Asi; Deli Oğlan’nın Yolculuğu


                       Annem bize kızdığında “gider kendimi asiye atarım, yaramazlık yapmayın” diye tehdit ederdi. Asi sözünü duyup bulanık suyu gözlerimizin önüne gelince asiliğimiz aniden körelir, uslu bir tavşan gibi annemize sokulurduk. Annem de yüzünde bir tebessümle Asi nehrinde yakalanan sazan balıklarından tepside ve odun ateşinde enfes ziyafetler yapardı. İşte böyle. Hem korkutur hem de beslerdi bizi. Asi’nin doğduğu yerde ve içinden geçtiği coğrafyalarda topraktan verim fışkırır. Denize döküldüğü yerde yani Süveydiyye’de balıklar gelen ganimeti paylaşmak için sarhoş çocuklar gibi doluşur ve birbirleri ile tepişir durur. Uzun yoldan gelen bir akrabanın bohçasındaki hediyeler çocukları nasıl heyecanlandırırsa balıkları da öyle heyecanlandırır. Asi, şikâyet etmeden ve sevinçle taşıdığı emaneti sonunda balıklara teslim eder.
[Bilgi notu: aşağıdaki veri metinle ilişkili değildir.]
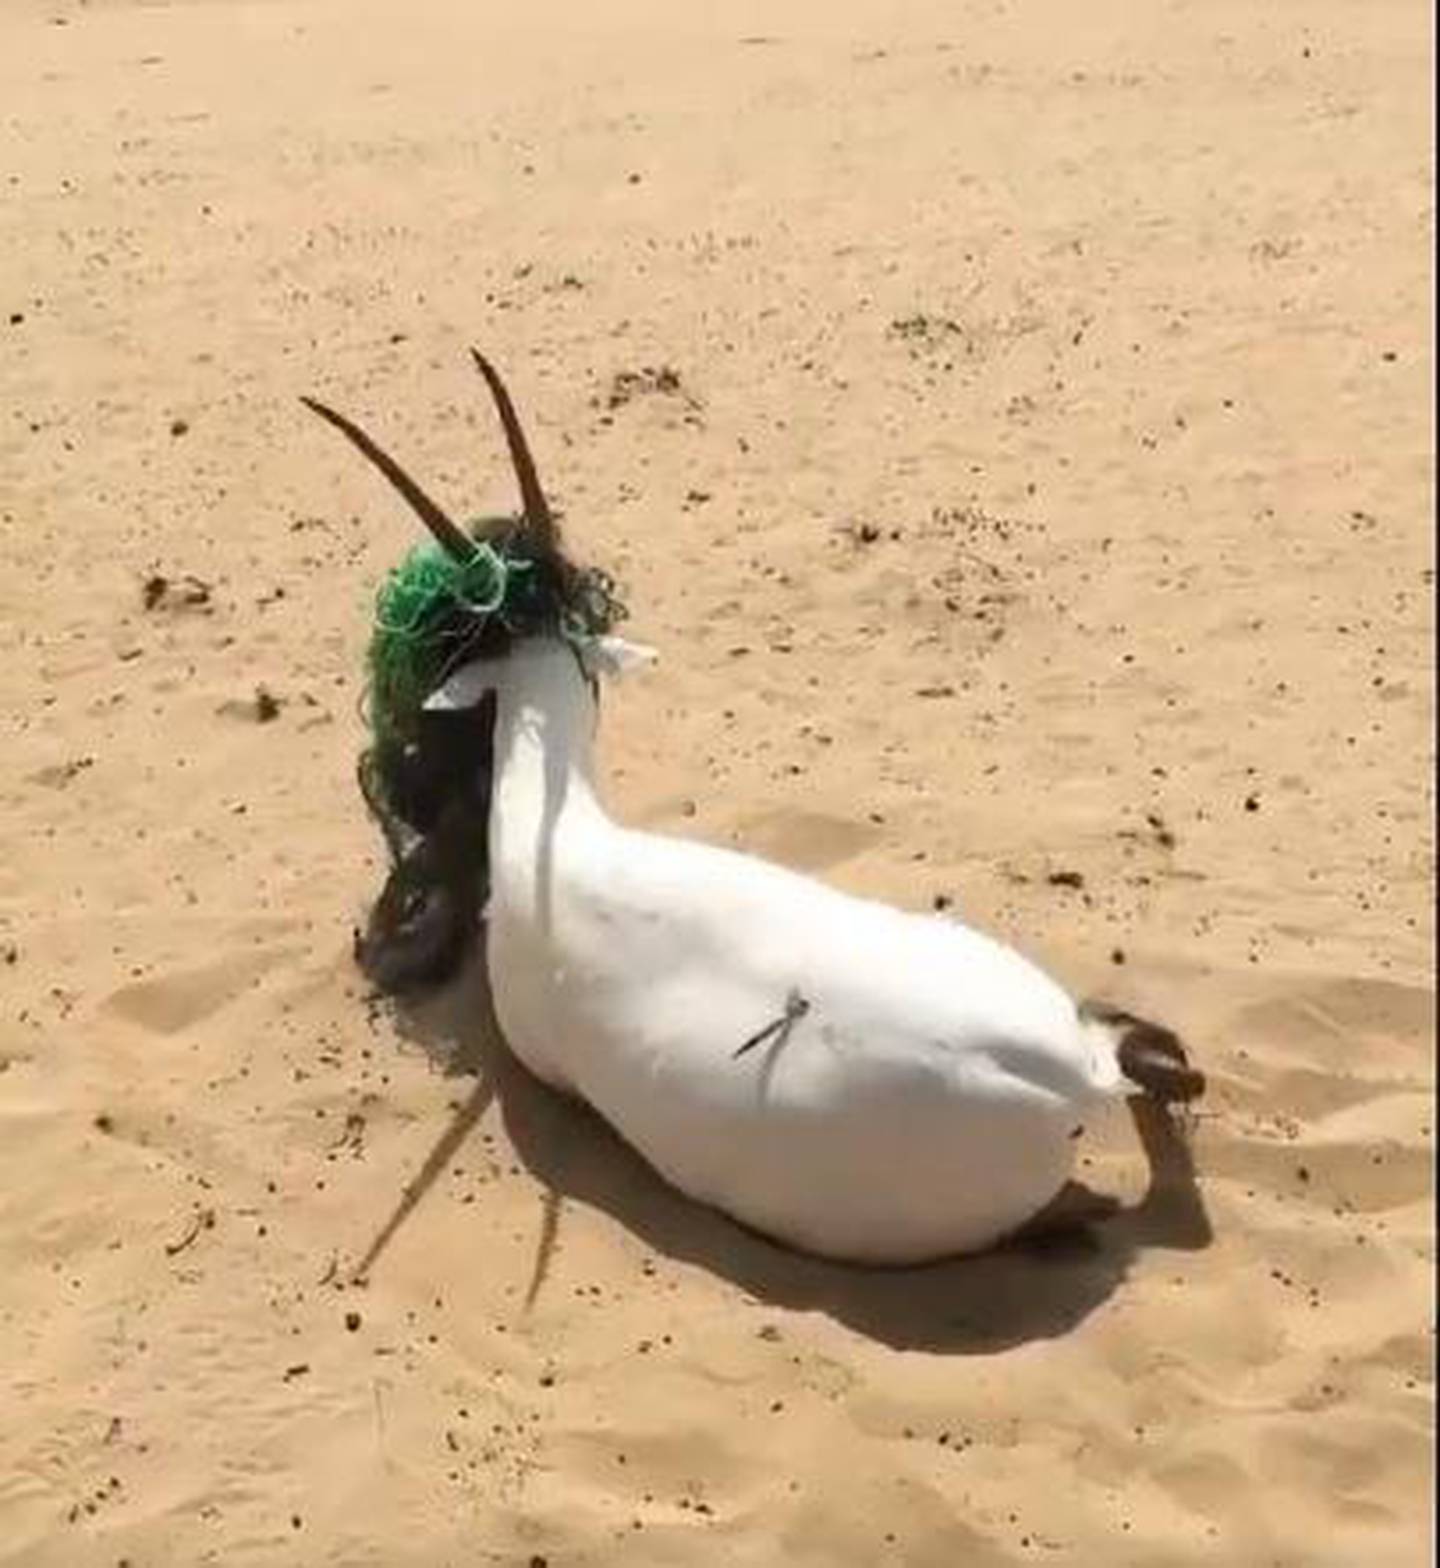 The oryx was tangled in what appeared to be discarded netting. Courtesy: Sheikh Hamdan Twitter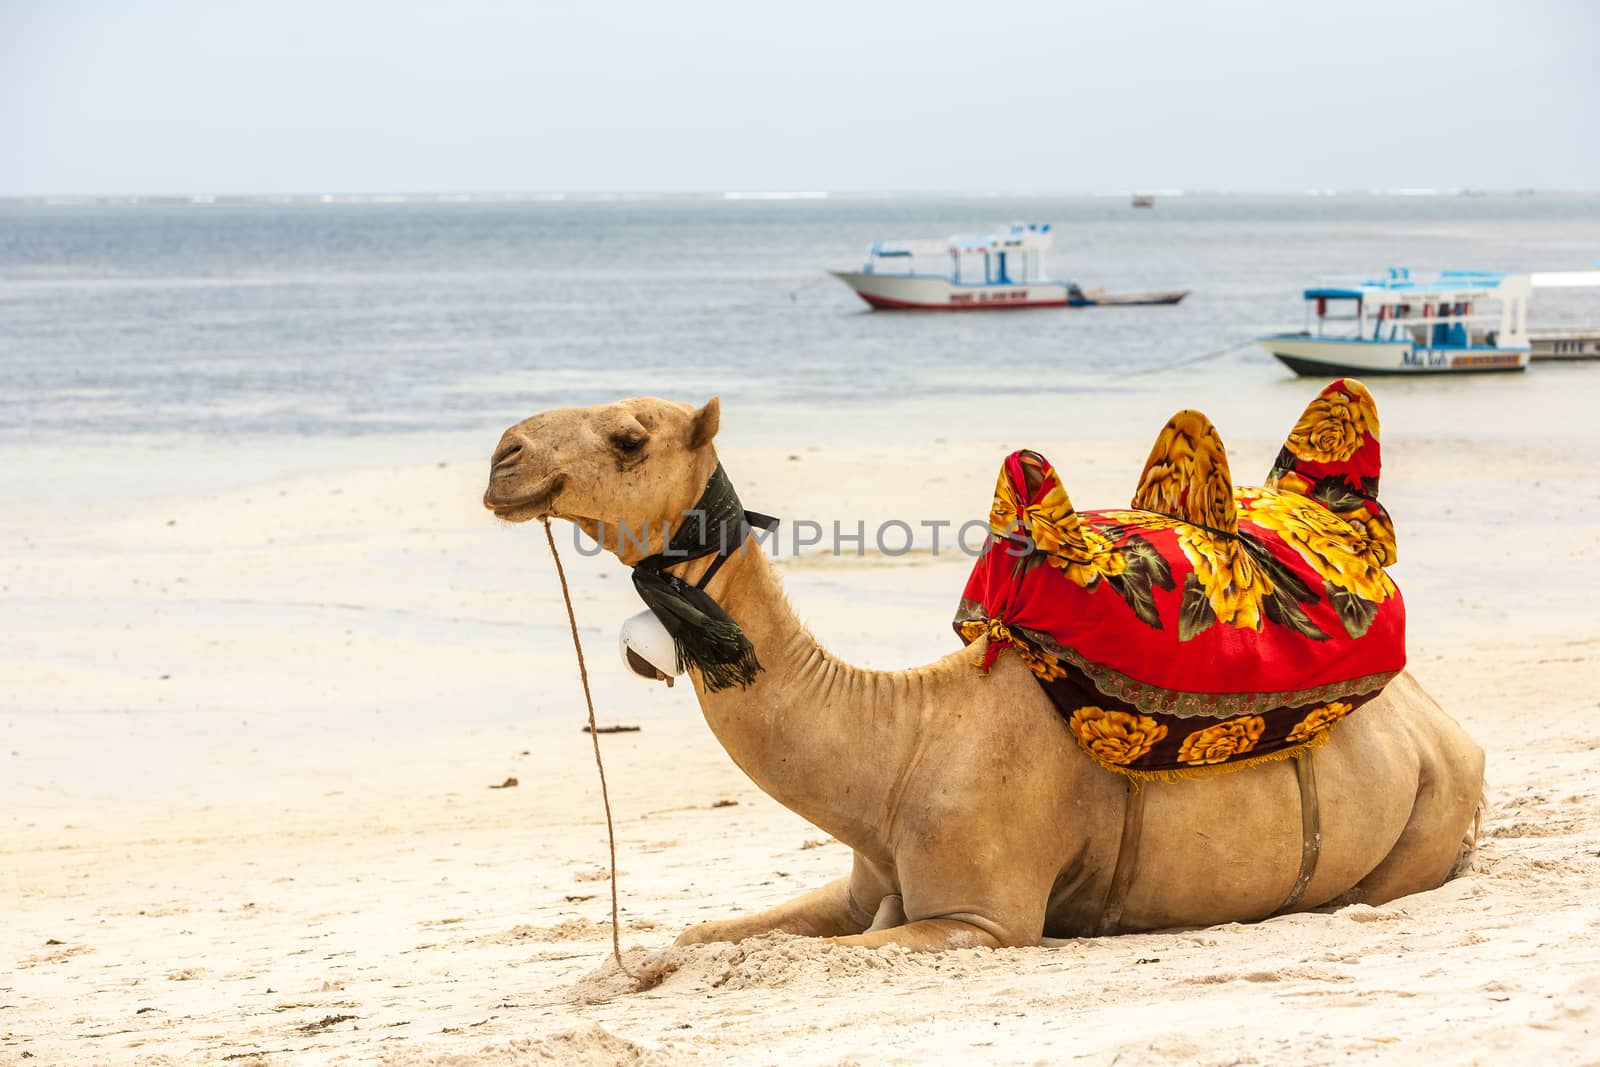 Camel lying on the sand by master1305

Nehrin ağzında bu anı bekleyen gözü pek balıkçılar da bu teslimat sırasında oluşan kargaşadan faydalanıp balıkları teslim alır sihirli ağları ile. Ve bu oyun binlerce yıl aynı şekilde oynanır. Asi insanlara başka neler sunar? Nehrin etki alanında pamuk, mısır, pirinç, soya ve sebzelerin her çeşidiyle meyvelerin en lezizi yetişir. Asi, Hama ve Amik’te pamuk ve buğday, Dafne köylerinde cennet hurması (Tin frenci),  Süveydiye ovasında kokulu mandalin demektir. Ortadoğu’nun leziz yemeklerinin oluşmasında Asi’nin payı aşçısının payından çok daha büyüktür. Cömertçe dağıtıp karşılığında sadece saygı beklediği bu bereketlerden kenarında yamacında kim varsa faydalanır.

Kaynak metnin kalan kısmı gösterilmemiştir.